Step 9: laying the diversion pipe9. The upper surface of the diversion net 8 is laid with diversion pipes 9 , and the radiation width of one diversion pipe 9 is 15 to 20 cm. The laying length and spacing of the diversion pipes are selected according to the area of the diversion net 8 .

Step 10: laying the sealant 10. A circle of sealing glue 10 is pasted on the perimeter of the bottom mold 1 and the perimeter of the straight line 5cm where the positioning card 2 is located.

The eleventh step: laying the vacuum film 11 . The length of each side of the vacuum film 11 is not less than 10cm longer than that of the bottom mold 1, and the four sides are pasted on the sealing glue 10 and pressed tightly.

The twelfth step: vacuum molding.
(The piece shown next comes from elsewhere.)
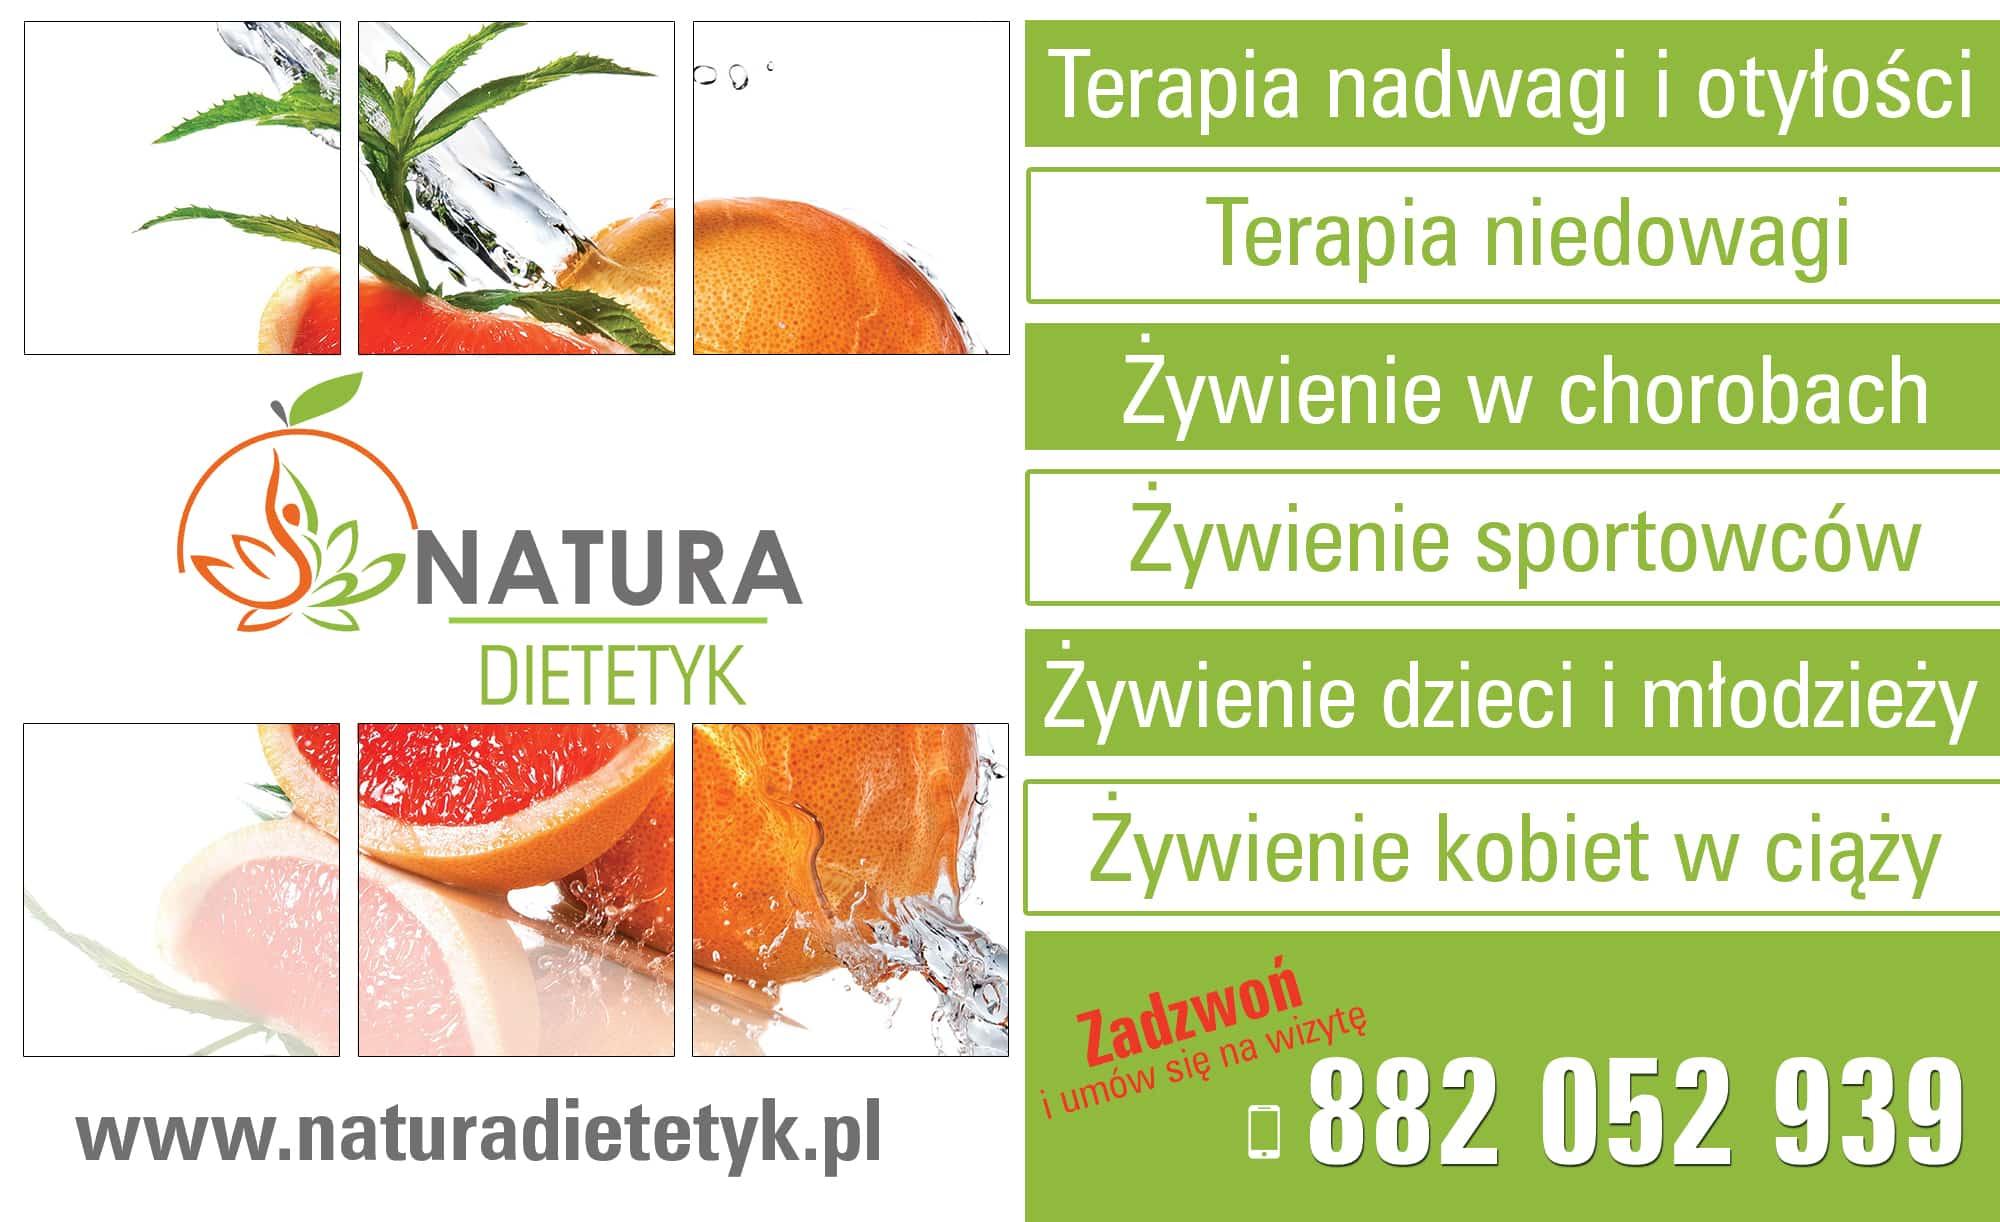 wizytowka-natura-dietetyk-grafika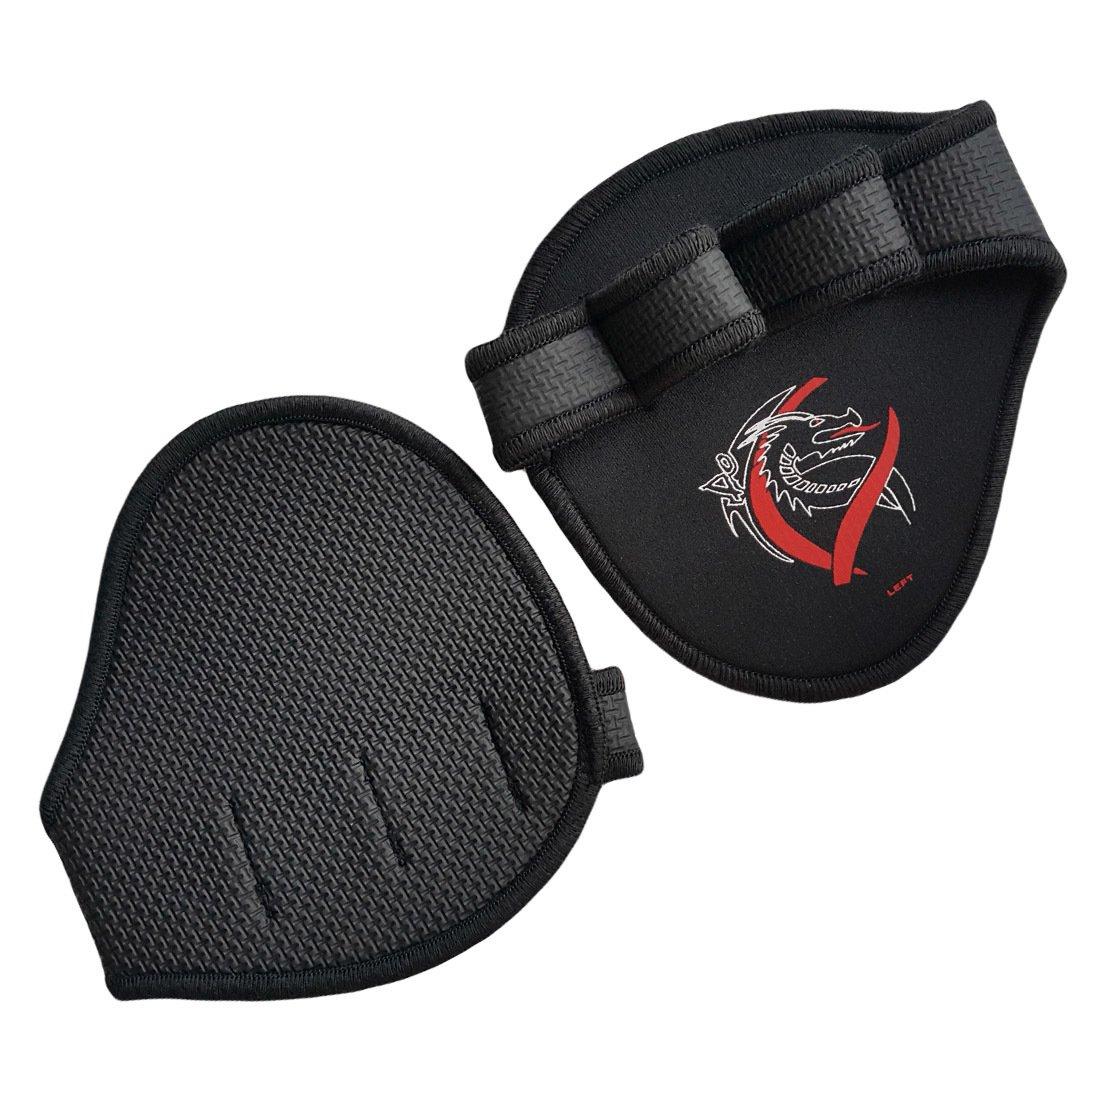 fitness-eldiveni-dragon-griped-grippad-pad-dambil-halter-ve-agirlik-calisma-eldiveni-siyah-

Connect the vacuum pump 14, the resin collector 13 and the guide tube 9, one end of the resin collector 13 is connected to the guide tube 9, and the other end is connected to the vacuum air compressor 14.

The thirteenth step: laying the electric heating blanket 12 . When the reading of the vacuum pressure gauge is close to 0, a layer of electric heating blanket 12 is laid on the surface of the vacuum membrane 11, and the upper limit of the heating temperature is set. Vacuum while heating until the resin is completely cured, stop vacuuming, and the grid is completed. The completed smart grid is shown in Figure 8.

The embodiments of the present invention have been described in detail above in conjunction with the accompanying drawings, but the present invention is not limited to the described embodiments. For those skilled in the art, within the scope of the principles and technical ideas of the present invention, various changes, modifications, substitutions and deformations to these embodiments still fall within the protection scope of the present invention.

Claims (7)

1. A fiber-reinforced composite rib smart grid, comprising fiber tows, resins and optical fiber sensors, the fiber tows form a criss-cross fiber grid, and the resin is coated on the fiber grid, characterized in that: The optical fiber sensor and the fiber sleeve wrapped outside it form a high-precision optical fiber sensor, and the end of the fiber sleeve has an anchoring section bonded to the optical fiber sensor. 2. The fiber-reinforced composite tendon smart grid according to claim 1, characterized in that: the contact part between the high-precision optical fiber sensor and the end of the fiber tow is covered with a metal hose. 3. The fiber-reinforced composite tendon smart grid according to claim 2, characterized in that: the length of the metal hose embedded in the fiber tow is not less than 2 cm, and the length of the exposed fiber tow is not less than 2 cm. 4. The fiber-reinforced composite bar smart grid according to claim 1, characterized in that: the high-precision optical fiber sensor is located at the center of the cross-section of the fiber grid. 5. The fiber-reinforced composite bar smart grid according to claim 1, characterized in that: the fiber sleeve on the surface of the high-precision optical fiber sensor is not impregnated with resin. 6. The fiber-reinforced composite bar smart grid according to claim 2, characterized in that: the high-precision optical fiber sensor is arranged in the fiber grid in an S-shape. 7. The fiber-reinforced composite tendon smart grid according to claim 1, wherein the optical fiber sensor is a non-slip optical fiber or a long gauge optical fiber.